> Your instructions: The full listing, copied exactly and free of pictures, is the expected reply.

> Given information:

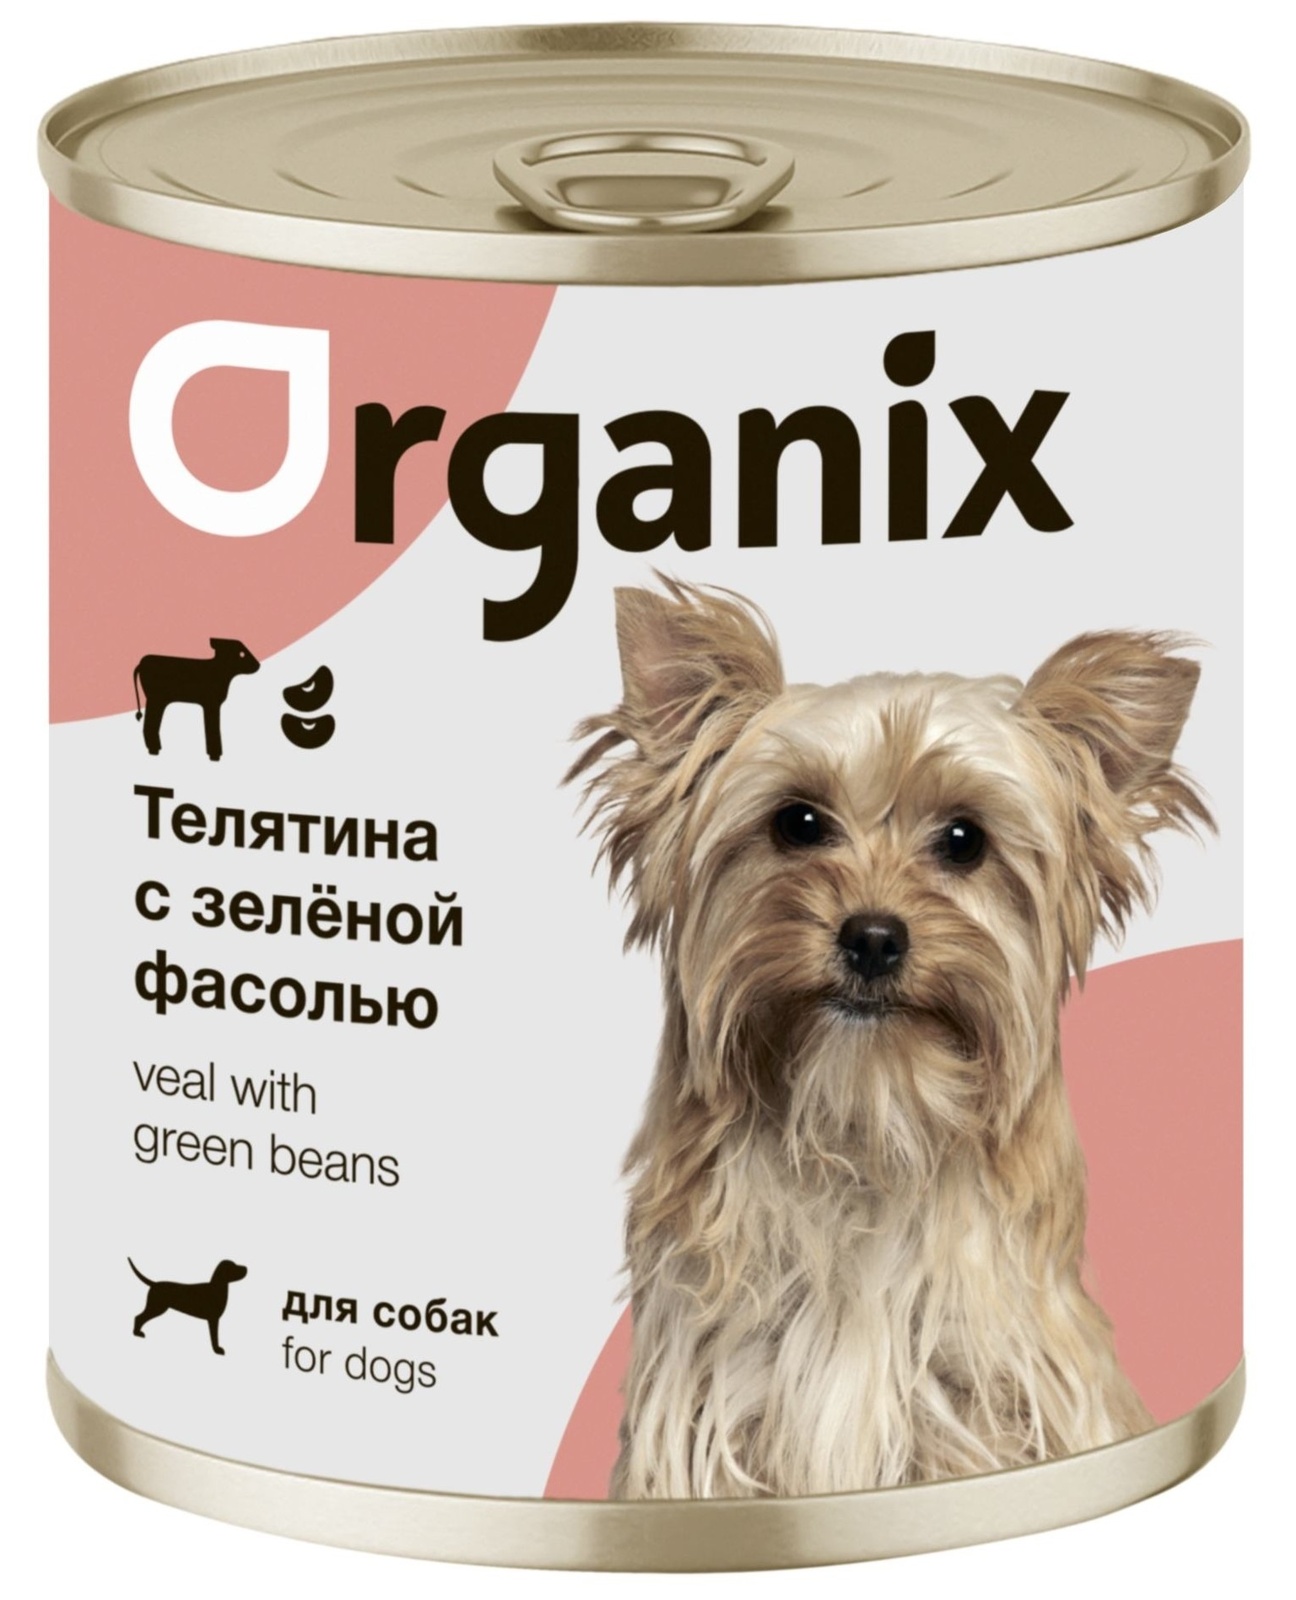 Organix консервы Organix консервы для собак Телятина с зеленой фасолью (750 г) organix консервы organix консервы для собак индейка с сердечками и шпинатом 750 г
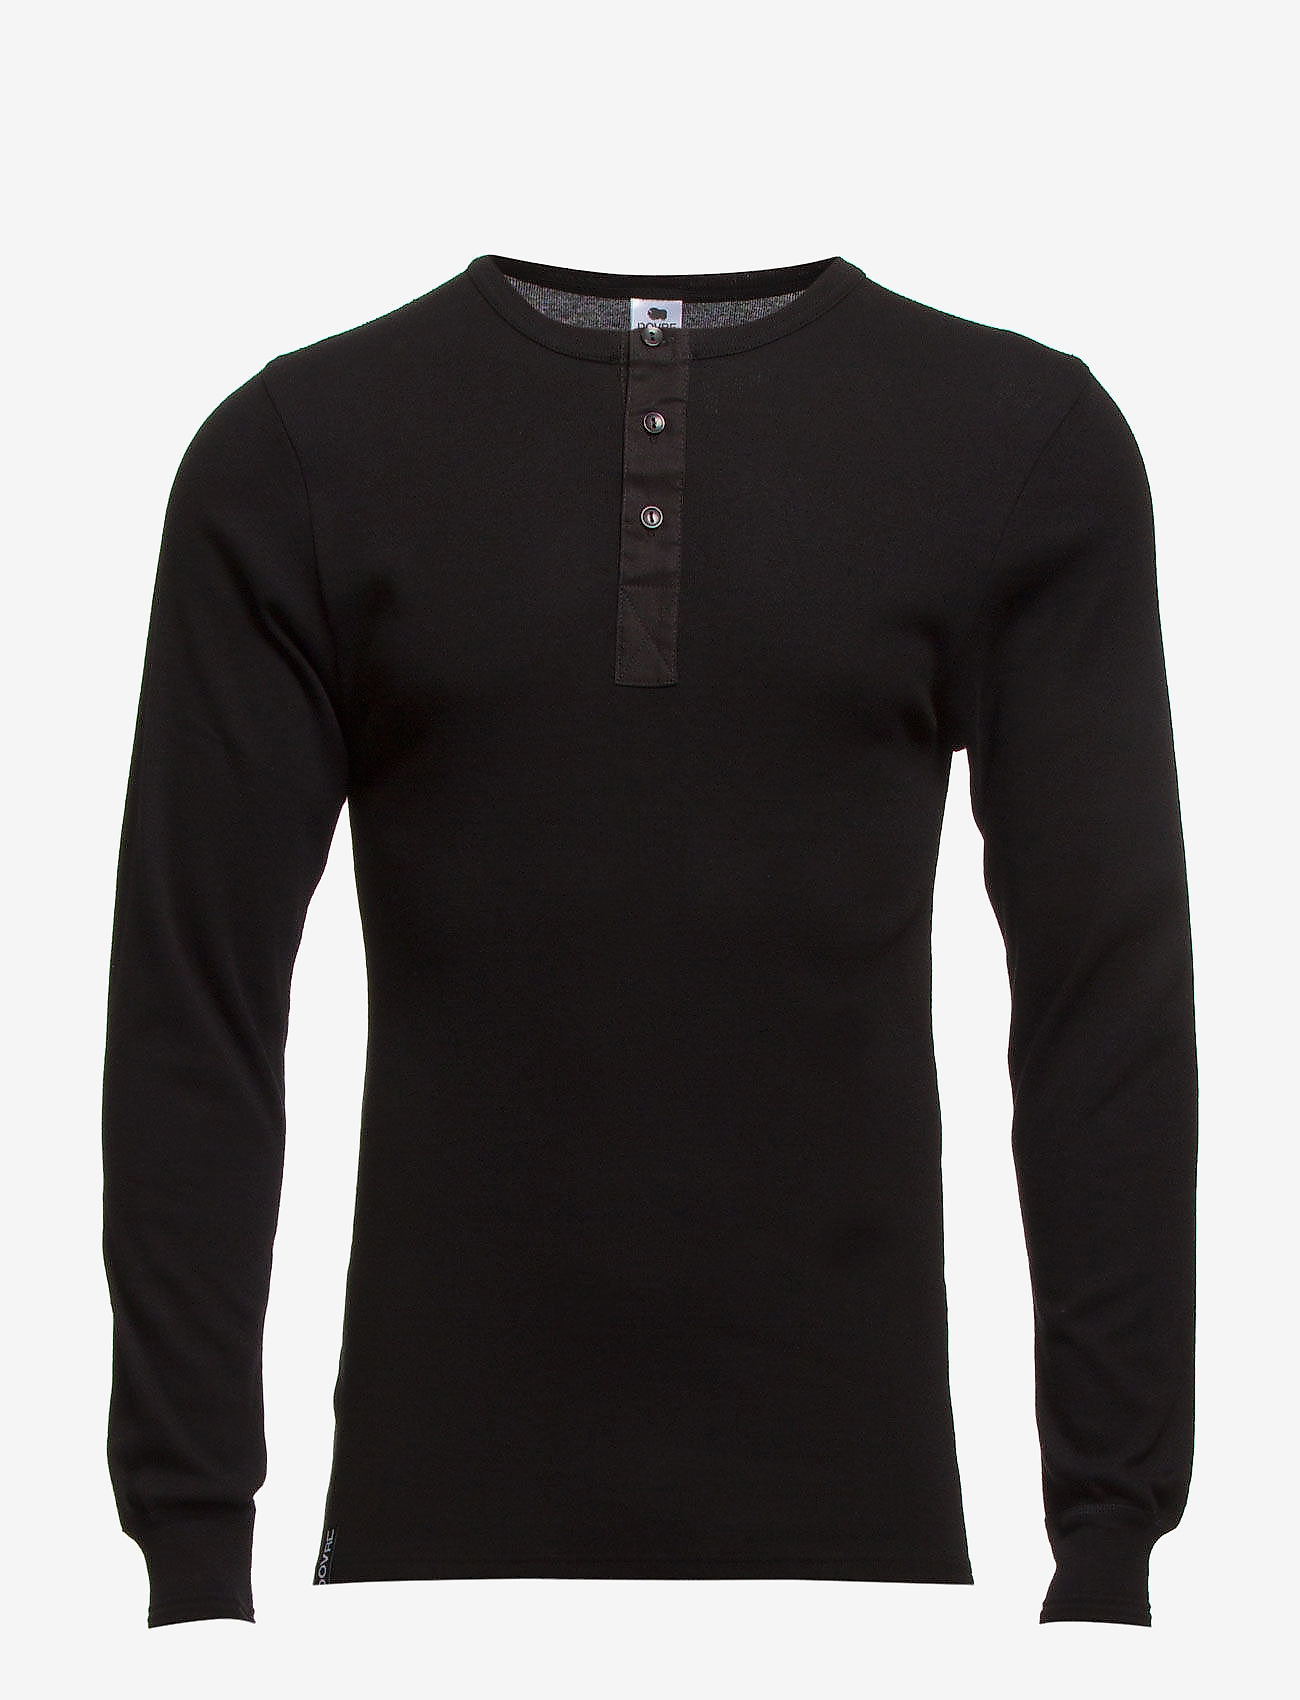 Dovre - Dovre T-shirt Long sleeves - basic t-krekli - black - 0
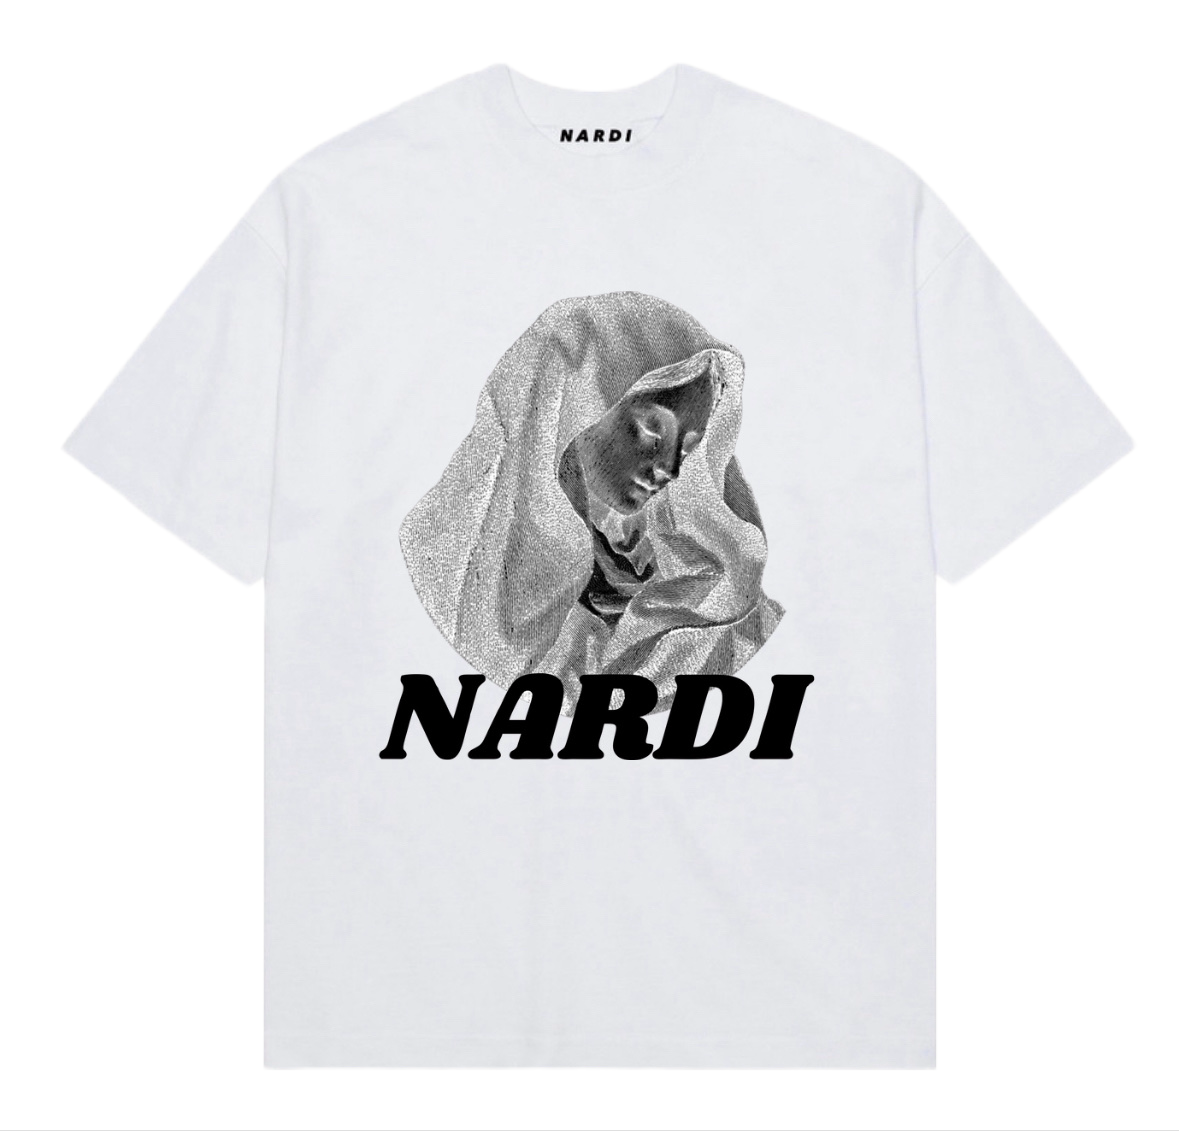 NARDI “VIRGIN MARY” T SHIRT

> Solution for this problem:
 Organix консервы Organix консервы для собак Телятина с зеленой фасолью (750 г) organix консервы organix консервы для собак индейка с сердечками и шпинатом 750 г
 Dovre - Dovre T-shirt Long sleeves - basic t-krekli - black - 0
 NARDI “VIRGIN MARY” T SHIRT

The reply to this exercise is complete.